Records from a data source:
========================
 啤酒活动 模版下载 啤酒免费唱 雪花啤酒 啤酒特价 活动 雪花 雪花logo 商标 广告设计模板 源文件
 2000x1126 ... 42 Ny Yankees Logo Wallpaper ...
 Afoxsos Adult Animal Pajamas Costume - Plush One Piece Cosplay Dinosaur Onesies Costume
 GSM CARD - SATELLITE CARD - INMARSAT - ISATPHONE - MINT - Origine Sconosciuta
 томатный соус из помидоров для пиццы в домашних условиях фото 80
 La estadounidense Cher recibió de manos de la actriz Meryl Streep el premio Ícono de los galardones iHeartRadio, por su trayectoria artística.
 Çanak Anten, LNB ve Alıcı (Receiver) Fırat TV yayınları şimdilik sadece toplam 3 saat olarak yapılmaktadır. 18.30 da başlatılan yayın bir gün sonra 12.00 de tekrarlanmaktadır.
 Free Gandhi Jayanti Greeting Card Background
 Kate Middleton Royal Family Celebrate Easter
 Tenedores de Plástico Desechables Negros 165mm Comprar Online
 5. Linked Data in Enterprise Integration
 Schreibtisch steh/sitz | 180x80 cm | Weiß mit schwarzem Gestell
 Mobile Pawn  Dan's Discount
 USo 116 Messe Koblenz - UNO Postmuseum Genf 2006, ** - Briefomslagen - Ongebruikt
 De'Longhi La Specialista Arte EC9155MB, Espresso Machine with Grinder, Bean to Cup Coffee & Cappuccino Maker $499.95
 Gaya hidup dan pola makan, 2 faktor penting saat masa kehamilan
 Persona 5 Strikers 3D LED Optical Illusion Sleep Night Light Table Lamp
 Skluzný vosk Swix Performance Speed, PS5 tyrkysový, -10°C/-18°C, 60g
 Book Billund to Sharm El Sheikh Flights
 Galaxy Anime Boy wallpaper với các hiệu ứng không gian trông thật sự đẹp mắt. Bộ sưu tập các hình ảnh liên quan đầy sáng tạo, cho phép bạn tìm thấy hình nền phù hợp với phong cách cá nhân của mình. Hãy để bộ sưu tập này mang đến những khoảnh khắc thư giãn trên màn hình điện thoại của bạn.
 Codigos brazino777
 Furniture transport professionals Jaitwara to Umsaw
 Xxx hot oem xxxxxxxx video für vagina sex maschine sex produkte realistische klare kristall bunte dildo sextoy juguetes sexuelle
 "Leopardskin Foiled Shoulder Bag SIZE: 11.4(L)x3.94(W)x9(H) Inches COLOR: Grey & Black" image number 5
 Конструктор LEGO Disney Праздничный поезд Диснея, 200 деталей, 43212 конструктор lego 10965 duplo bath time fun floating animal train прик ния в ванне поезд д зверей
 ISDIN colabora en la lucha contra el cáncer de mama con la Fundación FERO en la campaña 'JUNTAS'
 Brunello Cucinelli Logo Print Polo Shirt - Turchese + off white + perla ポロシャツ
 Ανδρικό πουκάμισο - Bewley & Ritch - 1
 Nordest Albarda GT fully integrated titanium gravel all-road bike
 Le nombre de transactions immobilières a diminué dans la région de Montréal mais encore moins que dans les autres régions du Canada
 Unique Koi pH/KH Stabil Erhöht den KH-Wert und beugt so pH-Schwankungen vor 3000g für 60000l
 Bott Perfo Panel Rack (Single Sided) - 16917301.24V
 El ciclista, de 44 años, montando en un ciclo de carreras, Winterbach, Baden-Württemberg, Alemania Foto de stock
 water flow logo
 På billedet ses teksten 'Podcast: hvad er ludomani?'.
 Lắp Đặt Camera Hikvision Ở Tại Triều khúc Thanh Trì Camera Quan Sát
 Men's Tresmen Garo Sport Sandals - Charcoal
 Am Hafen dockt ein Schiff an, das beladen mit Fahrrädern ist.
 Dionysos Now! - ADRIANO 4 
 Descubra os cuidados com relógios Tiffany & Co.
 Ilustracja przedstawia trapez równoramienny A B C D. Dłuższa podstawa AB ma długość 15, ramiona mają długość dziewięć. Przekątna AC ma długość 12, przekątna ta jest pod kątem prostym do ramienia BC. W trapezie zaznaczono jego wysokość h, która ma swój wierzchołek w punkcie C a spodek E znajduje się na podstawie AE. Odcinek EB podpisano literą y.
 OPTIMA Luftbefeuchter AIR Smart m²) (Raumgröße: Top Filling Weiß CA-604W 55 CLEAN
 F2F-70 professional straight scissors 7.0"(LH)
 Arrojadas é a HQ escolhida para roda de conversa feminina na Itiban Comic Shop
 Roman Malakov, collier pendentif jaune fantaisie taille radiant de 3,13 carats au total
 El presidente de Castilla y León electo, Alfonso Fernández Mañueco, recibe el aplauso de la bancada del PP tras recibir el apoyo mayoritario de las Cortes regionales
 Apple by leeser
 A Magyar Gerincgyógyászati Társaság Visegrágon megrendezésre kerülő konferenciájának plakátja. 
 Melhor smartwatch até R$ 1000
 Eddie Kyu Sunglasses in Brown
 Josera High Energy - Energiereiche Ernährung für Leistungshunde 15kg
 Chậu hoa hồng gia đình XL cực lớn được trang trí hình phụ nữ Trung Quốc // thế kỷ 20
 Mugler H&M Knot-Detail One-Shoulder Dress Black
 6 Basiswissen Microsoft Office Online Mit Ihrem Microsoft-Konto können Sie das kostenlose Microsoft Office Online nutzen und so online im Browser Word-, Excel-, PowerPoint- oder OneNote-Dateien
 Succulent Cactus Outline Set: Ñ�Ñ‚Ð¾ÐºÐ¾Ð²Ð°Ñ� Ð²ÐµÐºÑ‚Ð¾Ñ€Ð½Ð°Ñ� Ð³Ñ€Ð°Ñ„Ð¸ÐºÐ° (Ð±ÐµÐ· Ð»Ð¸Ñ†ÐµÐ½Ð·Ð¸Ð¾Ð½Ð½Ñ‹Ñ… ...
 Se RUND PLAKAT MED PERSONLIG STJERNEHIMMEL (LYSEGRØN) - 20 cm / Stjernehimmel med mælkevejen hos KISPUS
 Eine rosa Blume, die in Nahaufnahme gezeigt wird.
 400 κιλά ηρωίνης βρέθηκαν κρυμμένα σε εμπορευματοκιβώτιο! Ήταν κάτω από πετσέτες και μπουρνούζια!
========================
Directions:
Extract from the records above the lines from the one containing "Persona 5 Strikers" to the one containing "Book Billund to Sharm El Sheikh Flights", both lines included, exactly as they appear and with nothing else.

Output for this exercise:
 Persona 5 Strikers 3D LED Optical Illusion Sleep Night Light Table Lamp
 Skluzný vosk Swix Performance Speed, PS5 tyrkysový, -10°C/-18°C, 60g
 Book Billund to Sharm El Sheikh Flights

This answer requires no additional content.